Phantom of the Megaplex (2000)

Phantom of the Megaplex (2000)

Phantom of the Megaplex is one of those Disney Channel Original Movies that will always stir up excitement. Three siblings in a movie theater try to figure out who’s responsible for all the spooky glitches throughout the building. Like the Phantom of the Opera, the Phantom of the Megaplex wears a black cloak and disguises himself with a mask. This DCOM was written by Stu Krieger (our fave) and directed by Blair Treu (who also directed The Paper Brigade and Wish Upon a Star). The three principal characters were nominated for Young Artist awards: Taylor Handley as eldest brother Pete Riley, Caitlin Wachs as his sister Karen, and Jacob Smith as little brother Brian.

Phantom of the Megaplex movie poster

This movie has the perfect set-up for things to go bump in the night. Pete is the hard-working assistant manager of the megaplex, and his brother and sister are supposed to visit him while they view a children’s movie about a farmer. Karen plans to ditch Brian so that she can watch University of Death with her friends instead.
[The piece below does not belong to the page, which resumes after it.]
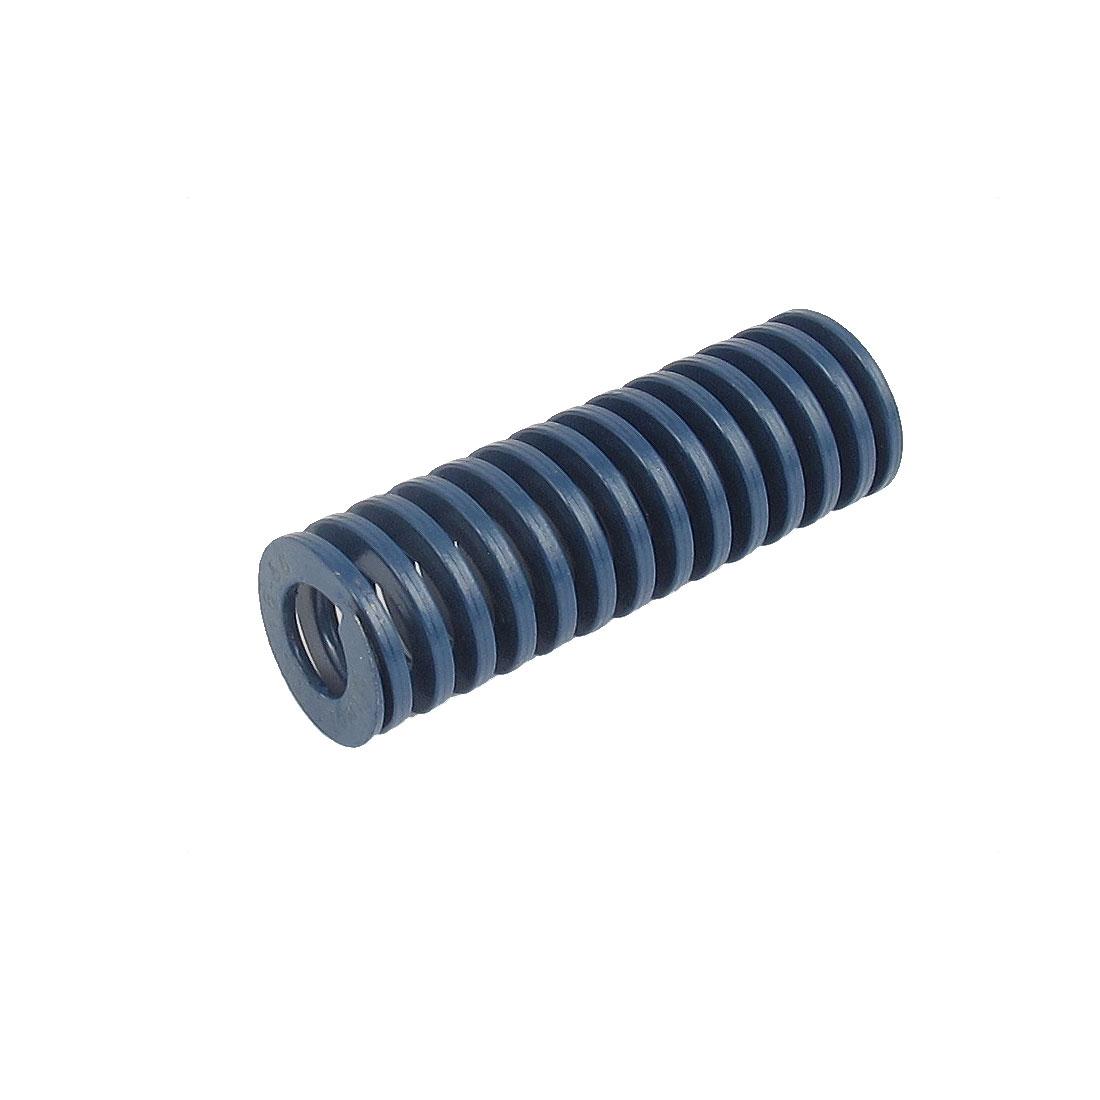 18mmx55mm Chromium Alloy Steel Light Load Die Spring Blue

It’s a busy night for the theater, as its owner will be arriving with A-List guests for a big movie premiere later in the evening. Pete narrates the opening of the DCOM to introduce us to his co-workers, and one of the sweetest is Movie Mason, played by Mickey Rooney. Mason isn’t on the payroll, but he dutifully shows up and gives the manager, Shawn MacGibbon, his daily schedule. MacGibbon displays his callous nature early on when he throws Mason’s schedule in the trash. Movie Mason is a possible suspect for the Phantom; MacGibbon asked him to leave the theater because his commentary and film opinions were slowing down his volunteer work as a ticket-taker. Perhaps Mason is upset enough to mess with rolls of film, turn a high-powered fan on full blast to simulate a hurricane, and even set off an alarm to douse patrons with sprinklers? Nope. Mickey Rooney would never do that.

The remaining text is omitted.